At a recent meeting on April 13, organizers gauged interest for site leadership roles, which would include responsibilities like orienting new gardeners, dealing with any disputes within the garden, coordinating social activities, and helping with any other needs that garden members may have.

One concern from the organizers is getting water to the proposed site. Johnson said that they are waiting for a survey of the grounds there to be completed before making a final decision.

“We are currently awaiting the results of the grounds survey that was conducted on the proposed garden site to determine if the plumbing that was in place there to service the old rec center, previously located on said site, is still serviceable,” said Johnson. “If it is, the plan is to tap into the existing plumbing on site to provide water to the garden area.”

If they can’t get water from the existing plumbing, Johnson said that the plan would then be to run lines from the new community center across the playground to the site, but that the preferred way is if they can just get water from the lines that ran to the old center.

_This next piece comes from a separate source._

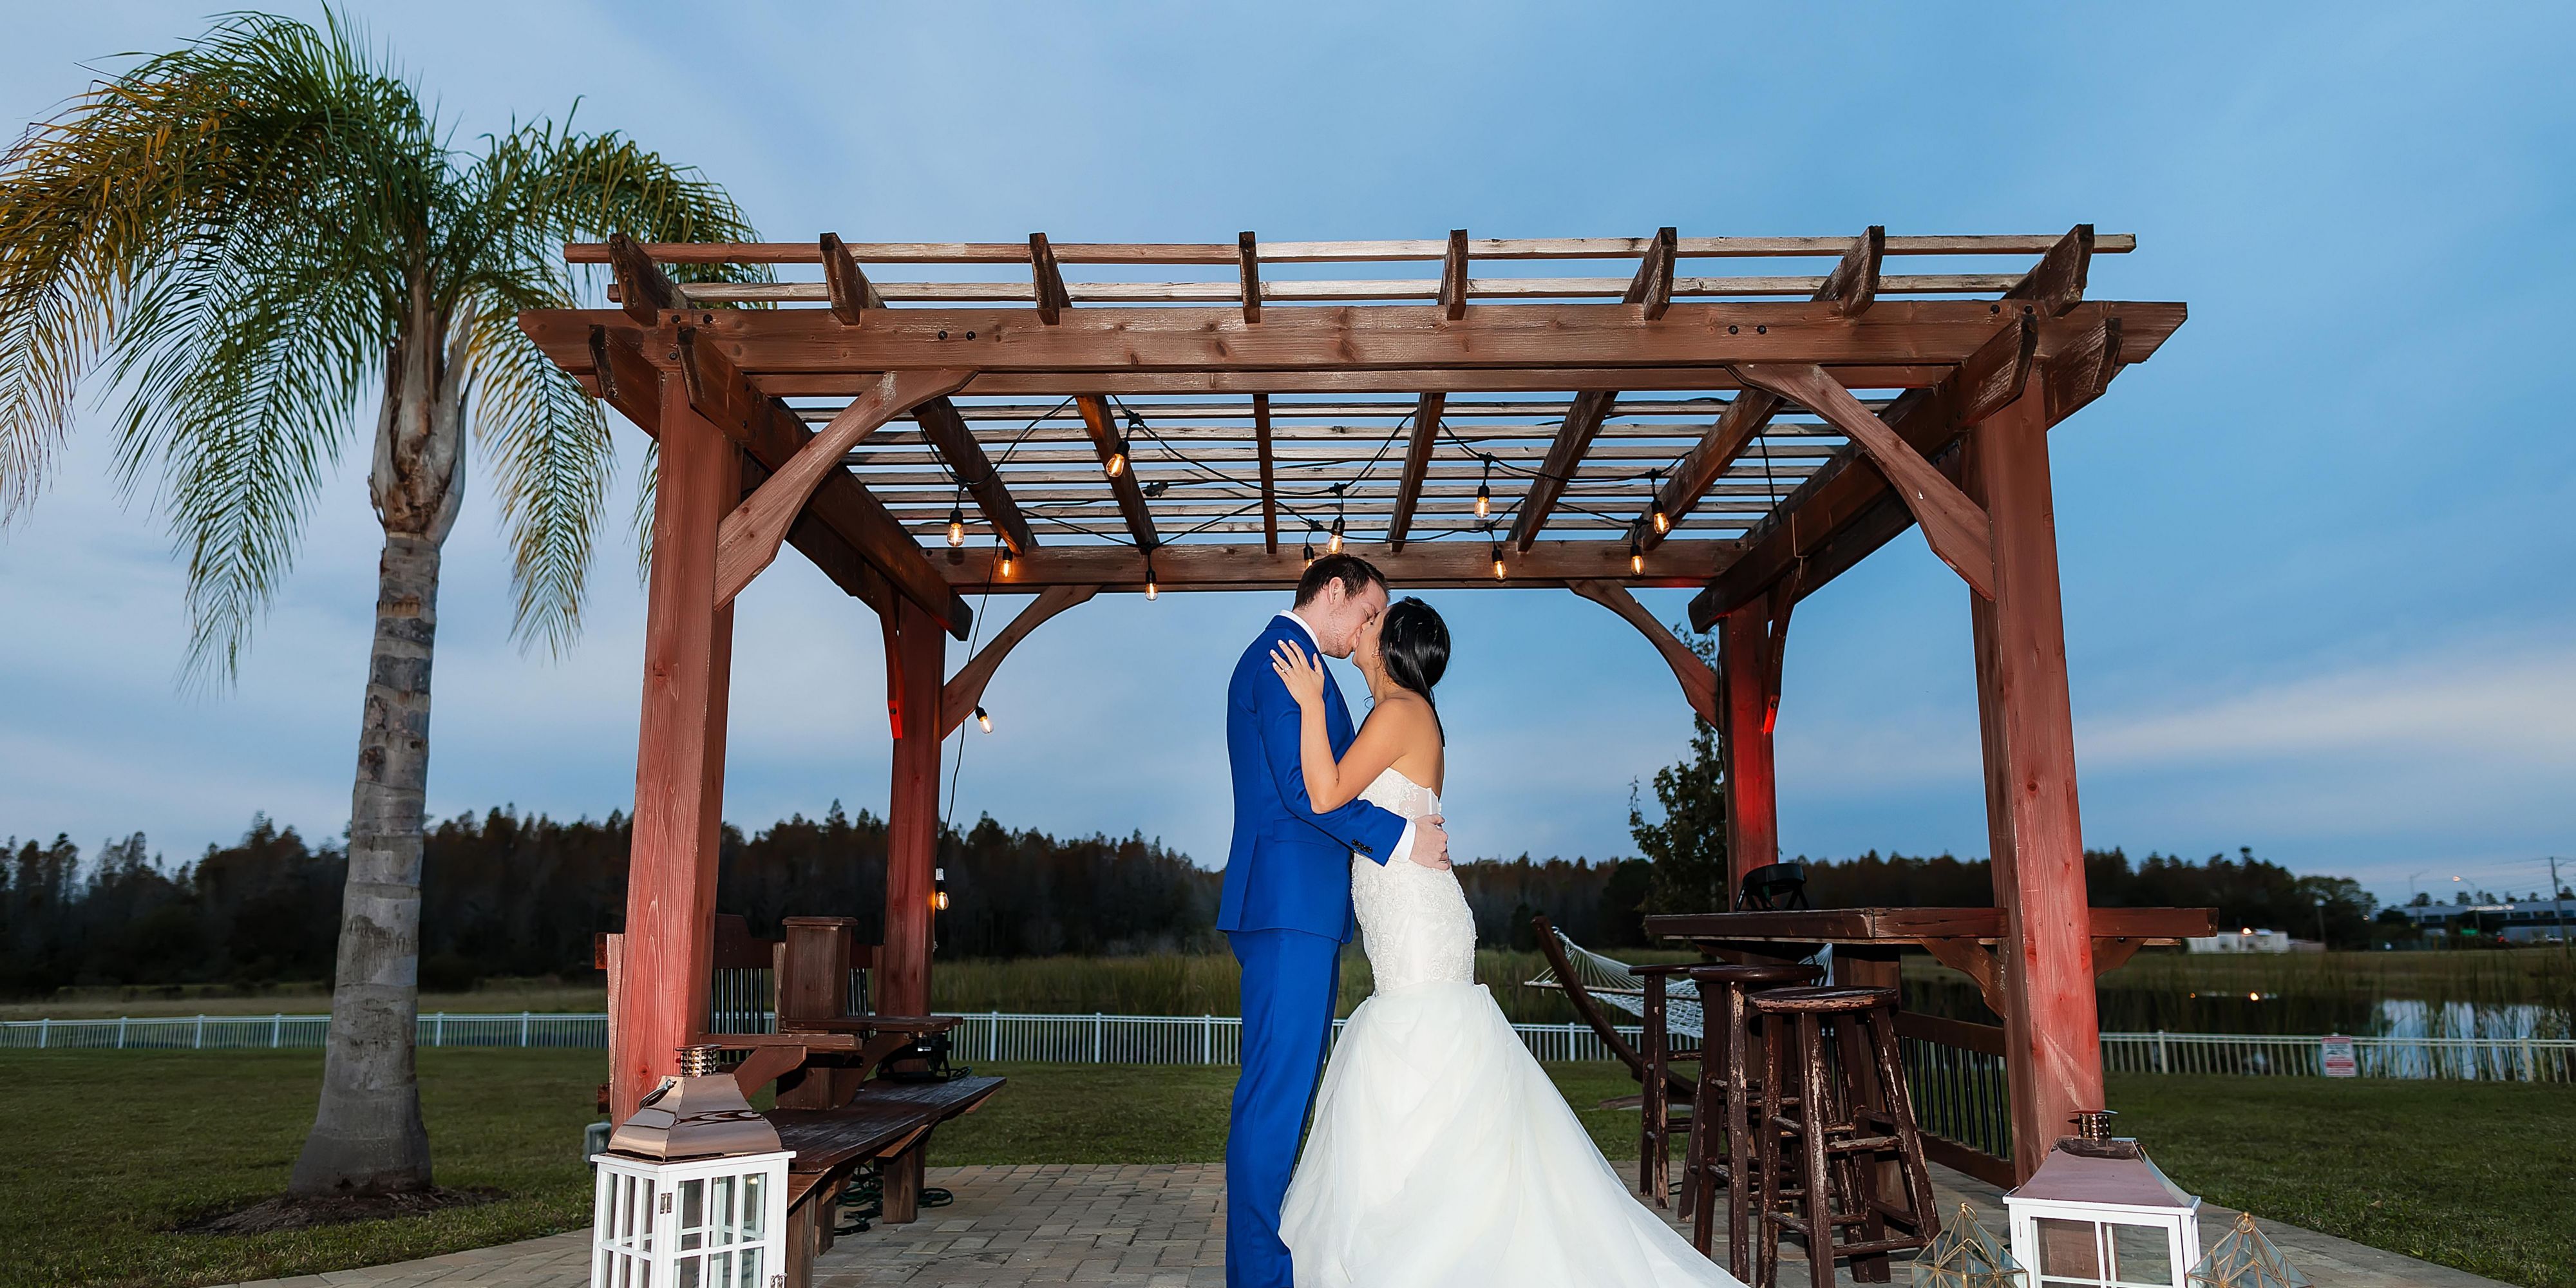 We're offering expanded wedding & social event packages. Our picturesque tropical deck and lakeside lawn are perfect whether you are celebrating with a micro wedding, minimony, or elopement - and won't break the bank! To top it off, our in-house sales team, preferred vendors, and indoor backup space will help to make your day stress-free.

Community support for the garden has been good so far.

“It’s something new in this community,” said Doris Jackson, a Mt. Airy resident. “I’m always open to new things coming into this area, as long as it’s to make the area better and this seems to be trying to do that.”

Johnson said that the only pushback was from one resident who suggested that there may be other things that Pleasant Playground needs before a garden.

Organizers have an online petition to get support for the project, which currently has 195 signatures. They ask that those who sign leave their address so that the Department of Parks and Recreation can determine the level of support from the community.

Leonard Allen, a Mt. Airy resident who lives near Pleasant Playground, voiced his support for the project.

“This is the first I’m hearing about it, but I think it sounds great,” said Allen, 63. “I would consider getting a spot there because I love fresh produce and it would nice to be able to grow on my own.”

Allen said that being in an urban setting can be problematic when trying to find open areas to garden. There are not many community gardens in Northwest Philadelphia, so some residents have no choice but to stick to store-bought produce, he said.

There are many benefits to community gardens, according to Jennifer Greenberg, the executive director of Neighborhood Gardens Trust, a group dedicated to preserving land for community garden use.

“There’s good research to how more green spaces can serve benefits to help build social connections, provide a source for healthy, affordable foods, and there’s also many environmental benefits such as filtering water runoff,” said Greenberg. “Green spaces can also help with reducing violence.”

The one concern that Allen has for the project is funding.

“I would say that the only thing that concerns me is how they’ll pay for it,” said Allen. “It can’t be cheap, so I guess my only question is how they are going to pay for everything.”

The Department of Parks and Recreation will not help pay for the community garden, and neither will Pleasant Playground, whose advisory council has given support for the project. This leaves fundraising entirely up to the small group of organizers.

Proposed plans include 48 planting beds, four small picnic tables, new shade trees, water hookups, and space for mulch and compost.

They will need funds to pay for wood to build the raised beds, compost and soil, garden tools and other necessities. Johnson said that there a few ways to raise money, but wants to wait until they are 100 percent done with the application and get approval from the city before asking people for money.

“We have two avenues – there’s grants in the city that we can apply for and the other is just fundraising,” said Johnson.

He hopes that the support they’ve gotten from community members turns into financial support, because most of the money for this will have to come from donations, according to Johnson.

“We’re going to need about $10,000,” said Johnson. “It’s a lot, but I think that if people are really committed to this, we’ll find the money.”